Laptops Look Like Racecars -- and Not in a Good Way - NYTimes.com

Laptops Look Like Racecars -- and Not in a Good Way - NYTimes.com
Laptops Look Like Racecars — and Not in a Good Way
Tony Avelar/Bloomberg Customers may hate stickers on laptops, but it doesn’t seem like they’re going away anytime soon.
At a meeting with Advanced Micro Devices the other day, representatives talked to me about chip sets and clock speeds, of discrete graphics and die sizes. But in passing, they mentioned an additional company initiative that really perked me up: laptop stickers.

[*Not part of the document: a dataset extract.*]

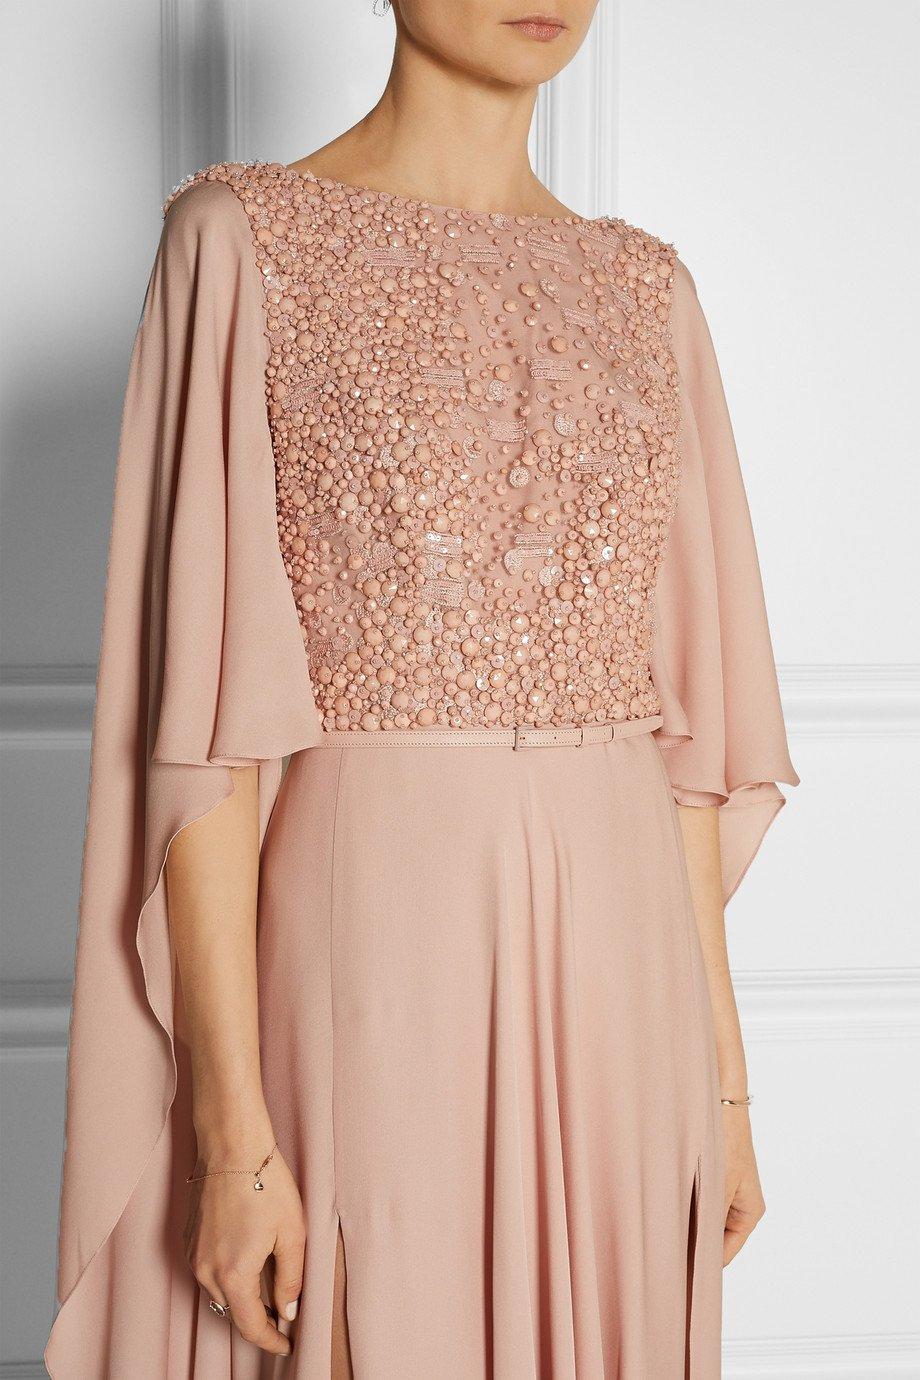 Lyst Elie Saab Embellished Belted Silk Gown In Pink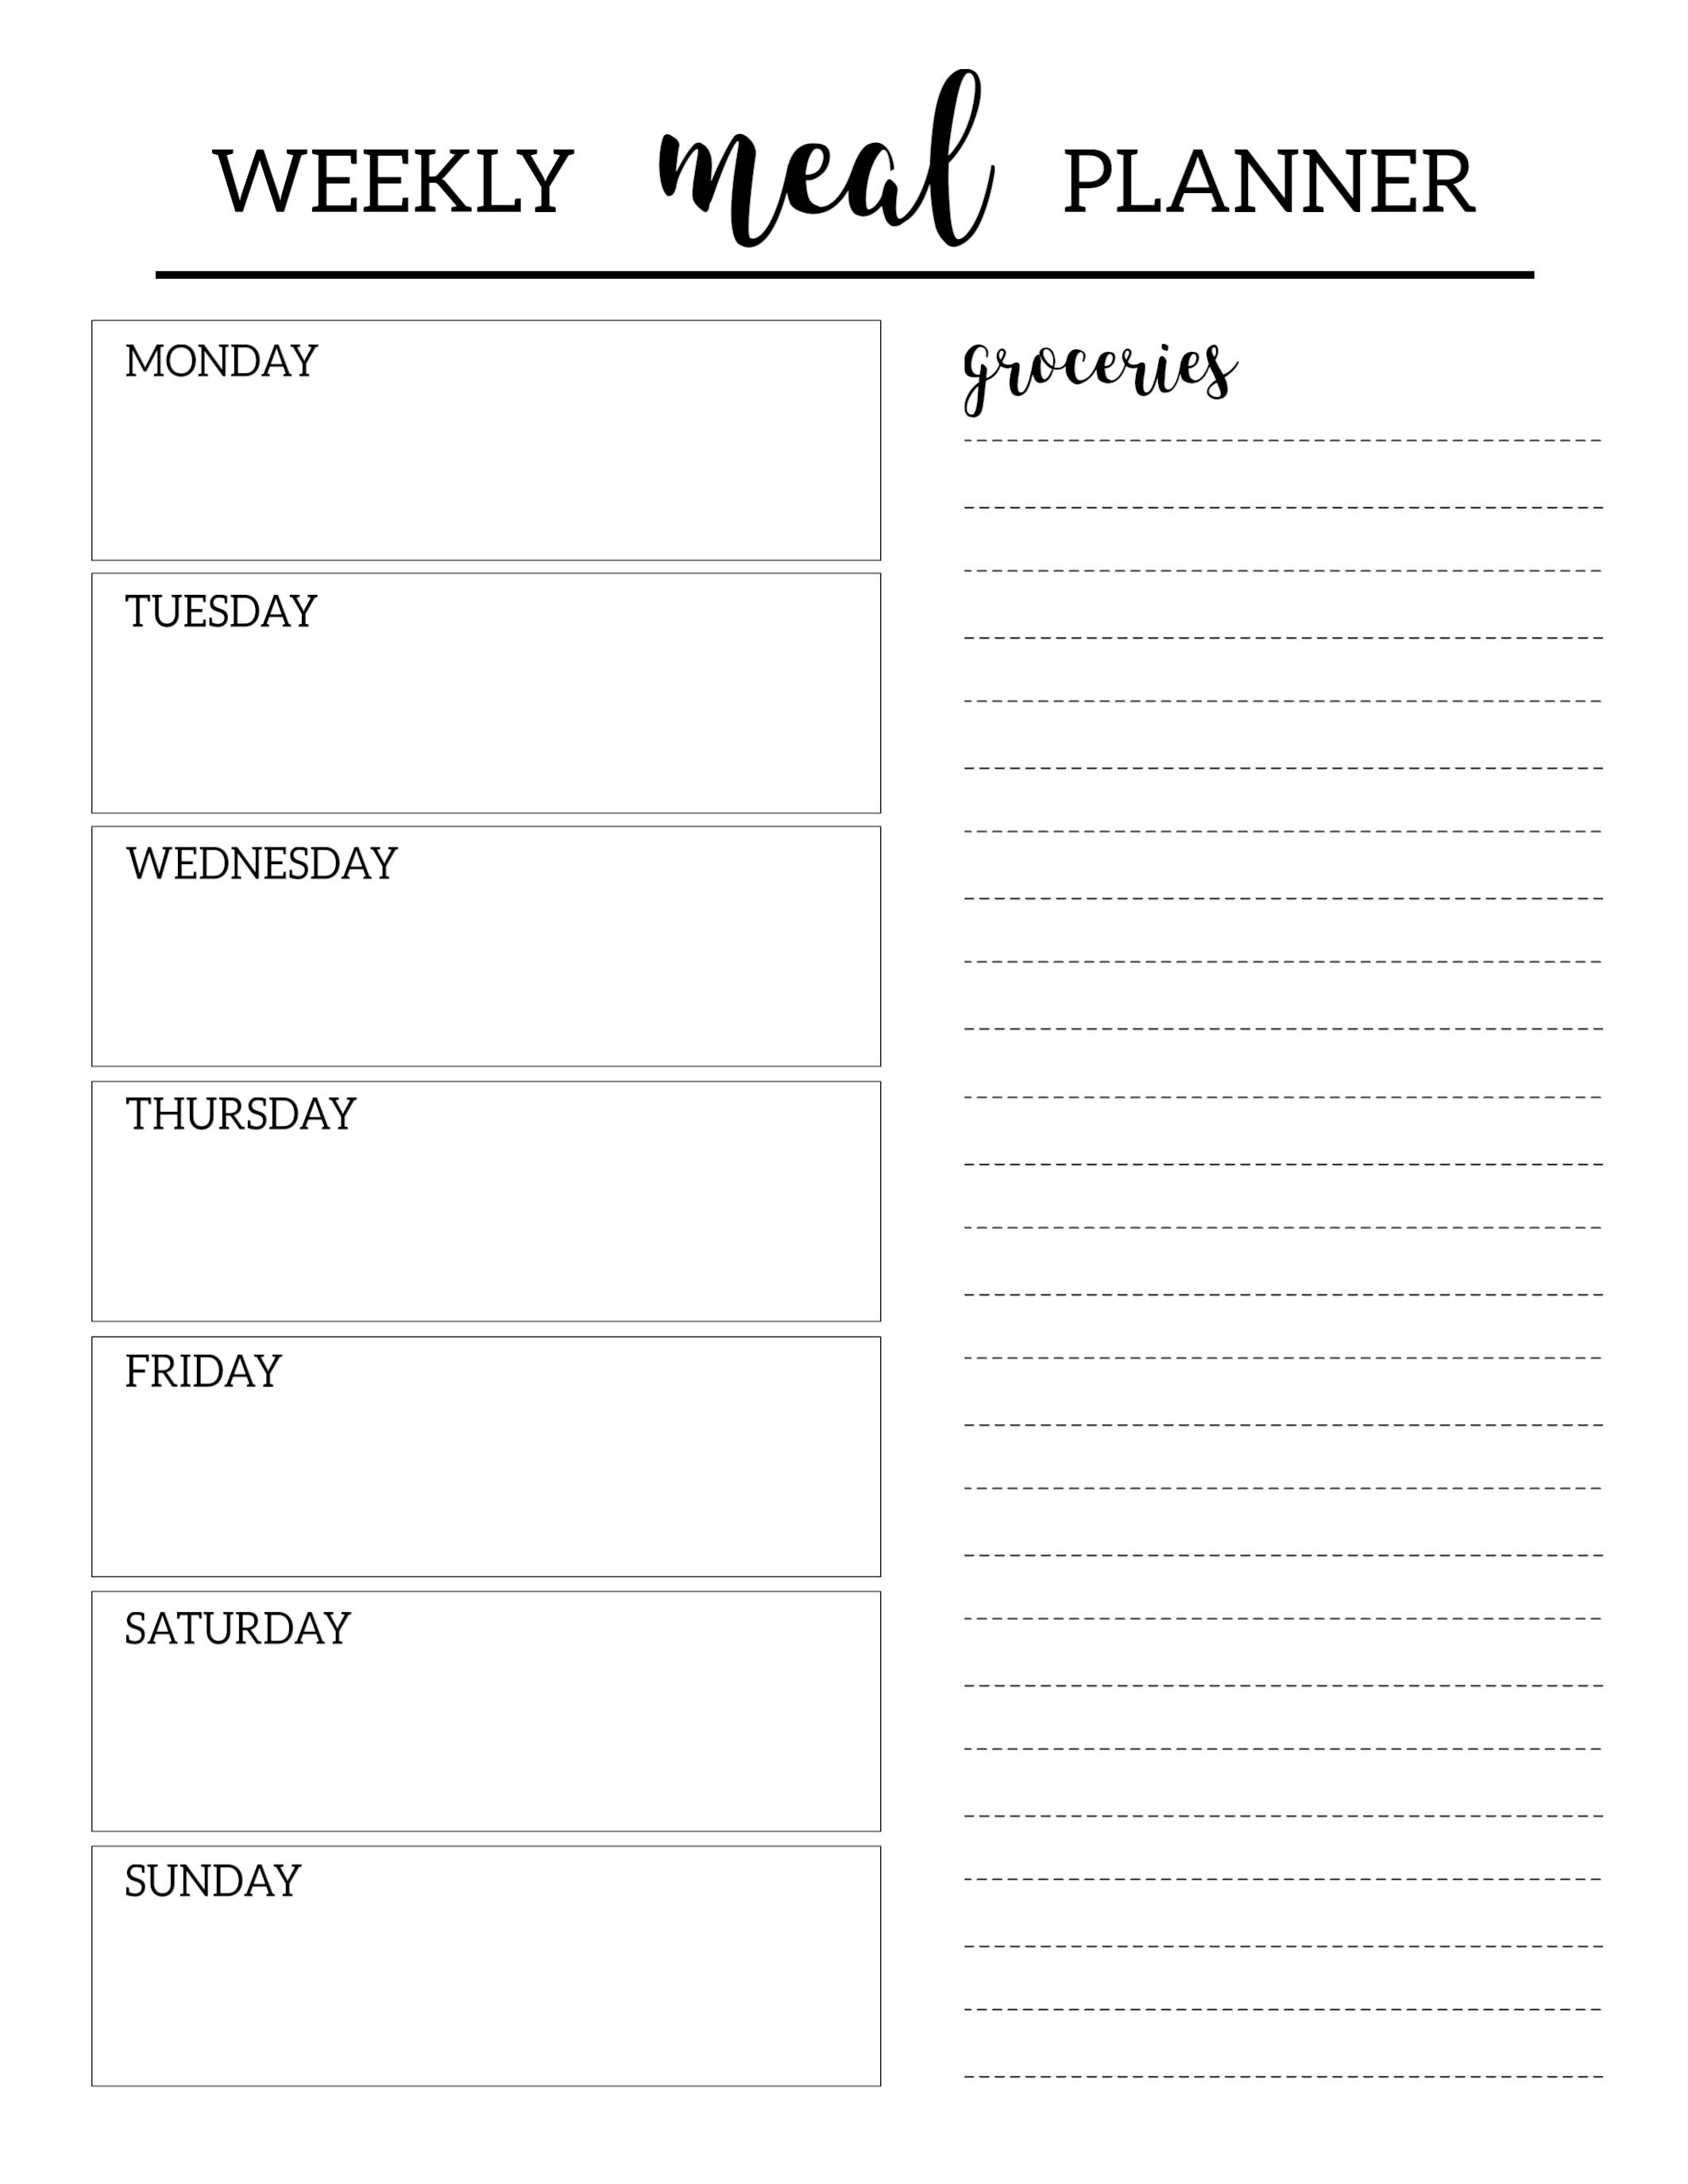 Blank Weekly Planner Printable Schedule Plate Free Daily Pages with Free Printable Weekly Planner Templates

When you buy a new Windows PC, as you probably know, it comes festooned with little (or not so little) stickers on the palm rests. There’s one for Windows, one for Skype, one for Intel, one for the laptop company, maybe an Energy Star sticker and so on.
As A.M.D. points out, it’s like buying a new, luxury car — and discovering that it comes with nonremovable bumper stickers that promote the motor oil, the floor mat maker, the windshield-fluid company and the pine tree air freshener you have no intention of ever using.
Never mind that all of this promotional garbage already appears on the box. Do you really need it physically affixed to the actual computer?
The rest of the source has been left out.